Yeah. It's I still take the

Tom Smith: 01:21:44

I don't think of it as like a thing with a currently core coming out straight under

Derek Banks: 01:21:48

There's actually a question in chat. Do want me to answer it? Yeah. Alright. So for an AI pen test, how do you handle consult customers about potential costs associated with fuzzing and increased token usage?

Derek Banks: 01:21:58

So at like, during the scope like the, you know, the if if there was a question question about that, we would discuss it with you.
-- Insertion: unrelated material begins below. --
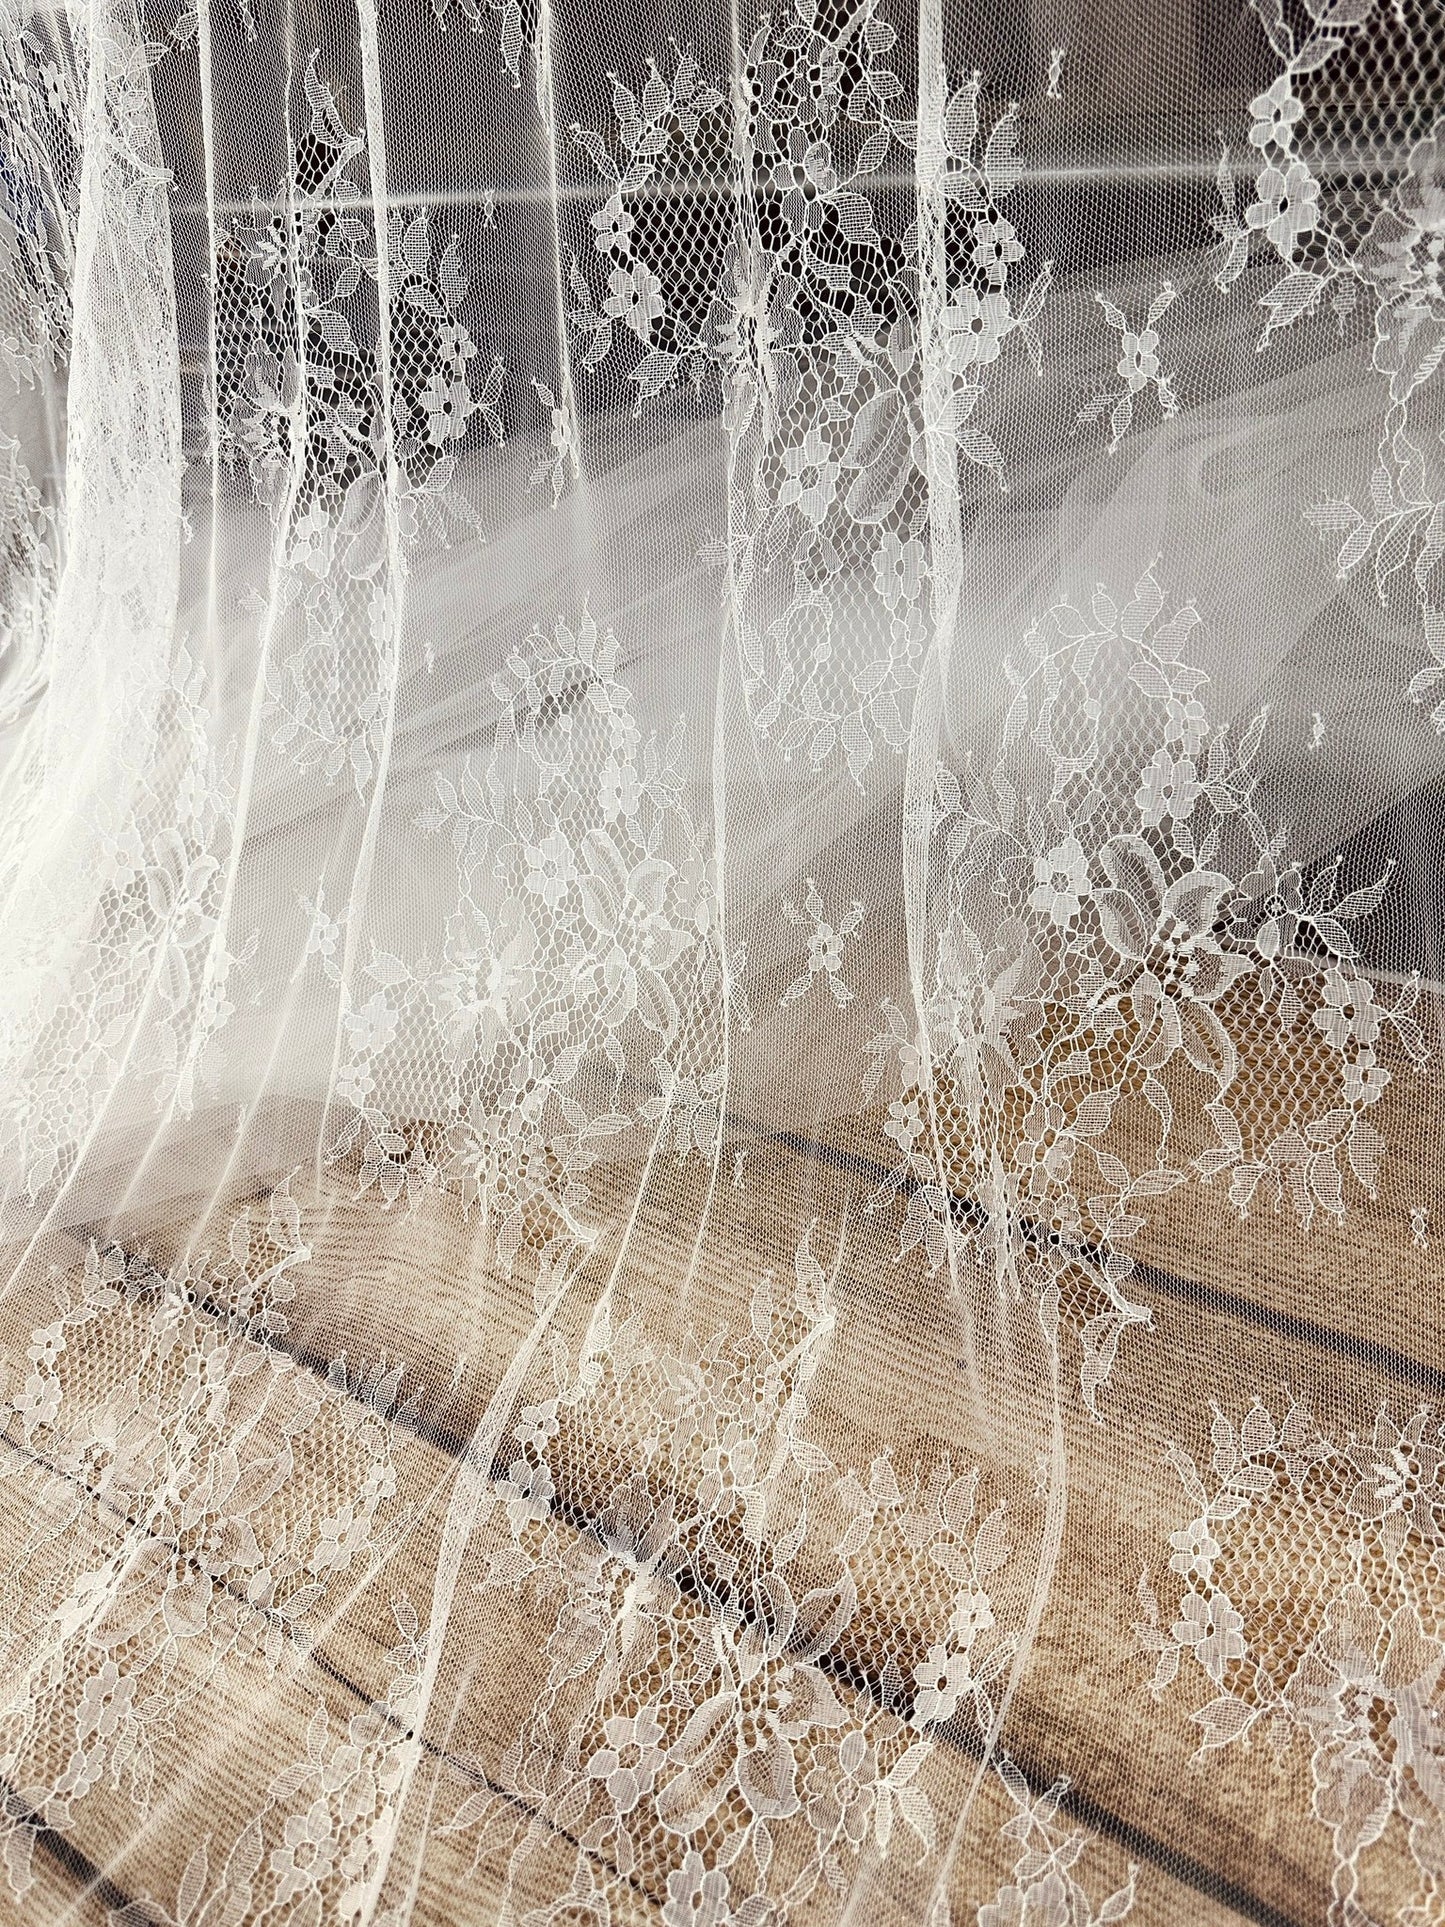 Floral lace mermaid wedding dress,Sleeveless corset wedding dress

We're not there's actually an OWASP top 10 about unbounded consumption and resource exhaustion. We're we're well aware that if we're going to do something automated against a a large language model that there is a cost associated with it depending on how things are set up. So we would definitely work with you to figure out. We're not gonna stick you with a $20,000 AWS bill and be like, oh, that sucks to be you.

Derek Banks: 01:22:29

Like, yeah. No. That's not how that's gonna work at all. Like, if I was the one doing the the test, which would be maybe be likely anyway, like, we're gonna look at the architecture and and, like, if we thought that you had, like, a scenario where, like, hey, somebody could really spend a lot of money here if you're not careful, we would probably talk to you about that. So and what guardrails you should put in place to prevent something like that.

Jason Blanchard: 01:22:50

I hadn't even thought of that. That someone it like, that's the you could just exhaust financial resources of a company by exploiting their AI.

Derek Banks: 01:23:01

Yeah. Whatever. Unlike other open source things, like open source and AI, like, just gluing a bunch of open source together and and and doing a thing is not always the best idea in the AI world. Mhmm.

Jason Blanchard: 01:23:14

Alright. So we do this work, we now let you know we do this work, and if you want to reach out to us to talk about what that work might look like, you know where to find us. Thank you for sticking around for this part. We're keeping it kinda brief today because we've already gone pretty long. Deb, what are your final thoughts though?

Deb Wigley: 01:23:33

Final thoughts. We've thank you guys for hanging out and for showing up. Yesterday was crazy, so we're a little low energy today. But we just really appreciate you guys being here and listening to Ethan and Derek share their smarts. And be nice humans, be nice to each other, be kind, and help people that are just couple steps behind you.

Deb Wigley: 01:23:52

Help them help them. Bring them on. Bring them bring them on. We love each other.

Ethan Robish: 01:23:55

Or else the protector of happiness and kindness will

Jason Blanchard: 01:23:58

fight you. Protector.

Deb Wigley: 01:24:01

The defender of happy.

Ethan Robish: 01:24:02

Neither happy nor kind.

Deb Wigley: 01:24:03

But somehow still happy and fit.

Jason Blanchard: 01:24:06

Yes. We're the the people that would do the work if you need the work, and we appreciate you being here. We'll see you all next time.

Derek Banks: 01:24:13

Bye bye.

Jason Blanchard: 01:24:14

Ryan. Hi. Kill it, Ryan. And then you can just Fire. You're done, Ryan.

Jason Blanchard: 01:24:19

Have to

Derek Banks: 01:24:19

I have.

Deb Wigley: 01:24:20

Done. You're you're done. You've done a lot.